>>>>

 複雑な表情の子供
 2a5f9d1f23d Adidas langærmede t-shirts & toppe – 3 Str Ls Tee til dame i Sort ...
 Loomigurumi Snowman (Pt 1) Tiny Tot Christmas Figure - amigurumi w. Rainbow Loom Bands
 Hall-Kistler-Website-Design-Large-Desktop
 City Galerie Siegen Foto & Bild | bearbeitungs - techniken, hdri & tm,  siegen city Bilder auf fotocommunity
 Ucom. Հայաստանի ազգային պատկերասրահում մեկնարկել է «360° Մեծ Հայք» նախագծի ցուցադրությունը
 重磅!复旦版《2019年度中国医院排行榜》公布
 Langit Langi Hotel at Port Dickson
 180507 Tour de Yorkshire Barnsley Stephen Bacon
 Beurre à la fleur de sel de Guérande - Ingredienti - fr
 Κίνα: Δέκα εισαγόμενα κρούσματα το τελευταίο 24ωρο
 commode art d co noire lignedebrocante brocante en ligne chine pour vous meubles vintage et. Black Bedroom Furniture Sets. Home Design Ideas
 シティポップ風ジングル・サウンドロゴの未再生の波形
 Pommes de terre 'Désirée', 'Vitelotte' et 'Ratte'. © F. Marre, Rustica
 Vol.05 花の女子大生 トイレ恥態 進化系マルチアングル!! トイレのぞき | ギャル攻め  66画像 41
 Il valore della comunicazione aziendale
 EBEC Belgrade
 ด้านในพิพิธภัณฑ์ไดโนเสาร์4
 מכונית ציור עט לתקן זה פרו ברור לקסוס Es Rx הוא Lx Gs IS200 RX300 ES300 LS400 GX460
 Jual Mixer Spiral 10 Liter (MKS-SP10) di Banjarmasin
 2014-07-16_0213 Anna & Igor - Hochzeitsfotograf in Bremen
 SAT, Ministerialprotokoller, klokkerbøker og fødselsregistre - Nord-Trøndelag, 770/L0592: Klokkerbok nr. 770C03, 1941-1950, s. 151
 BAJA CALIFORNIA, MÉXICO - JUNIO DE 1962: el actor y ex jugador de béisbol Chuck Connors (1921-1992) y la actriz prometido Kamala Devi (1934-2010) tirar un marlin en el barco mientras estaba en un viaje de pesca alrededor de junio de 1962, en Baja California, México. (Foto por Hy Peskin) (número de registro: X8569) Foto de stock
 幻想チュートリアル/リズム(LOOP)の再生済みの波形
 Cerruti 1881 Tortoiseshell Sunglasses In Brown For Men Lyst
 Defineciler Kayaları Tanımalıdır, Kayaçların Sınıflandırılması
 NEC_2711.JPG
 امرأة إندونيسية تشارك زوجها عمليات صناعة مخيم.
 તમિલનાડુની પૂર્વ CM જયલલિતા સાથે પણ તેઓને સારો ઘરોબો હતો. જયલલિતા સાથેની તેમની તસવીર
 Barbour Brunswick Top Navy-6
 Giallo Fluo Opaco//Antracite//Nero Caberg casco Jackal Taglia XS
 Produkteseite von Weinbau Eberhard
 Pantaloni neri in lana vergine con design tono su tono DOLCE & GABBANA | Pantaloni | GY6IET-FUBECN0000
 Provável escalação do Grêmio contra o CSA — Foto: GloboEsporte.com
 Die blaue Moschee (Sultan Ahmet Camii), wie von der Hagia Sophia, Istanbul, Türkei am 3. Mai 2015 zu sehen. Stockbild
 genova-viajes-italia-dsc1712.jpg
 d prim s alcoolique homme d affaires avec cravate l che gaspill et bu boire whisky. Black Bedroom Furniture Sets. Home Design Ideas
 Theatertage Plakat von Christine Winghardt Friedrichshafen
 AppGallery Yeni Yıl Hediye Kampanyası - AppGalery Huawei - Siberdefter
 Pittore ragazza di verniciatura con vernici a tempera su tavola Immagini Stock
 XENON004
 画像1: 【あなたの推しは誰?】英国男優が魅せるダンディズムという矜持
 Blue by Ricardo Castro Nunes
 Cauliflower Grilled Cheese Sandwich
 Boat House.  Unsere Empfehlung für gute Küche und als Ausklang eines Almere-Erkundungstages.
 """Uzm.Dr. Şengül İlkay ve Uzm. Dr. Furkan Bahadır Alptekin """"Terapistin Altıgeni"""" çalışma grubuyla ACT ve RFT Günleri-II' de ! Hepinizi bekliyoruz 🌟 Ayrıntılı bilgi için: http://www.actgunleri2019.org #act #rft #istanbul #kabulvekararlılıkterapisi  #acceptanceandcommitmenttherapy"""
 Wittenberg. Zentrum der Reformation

<<<<

Exercise prompt: Copy out the lines of the records above in which the string "Sets" appears.

Solution:
 commode art d co noire lignedebrocante brocante en ligne chine pour vous meubles vintage et. Black Bedroom Furniture Sets. Home Design Ideas
 d prim s alcoolique homme d affaires avec cravate l che gaspill et bu boire whisky. Black Bedroom Furniture Sets. Home Design Ideas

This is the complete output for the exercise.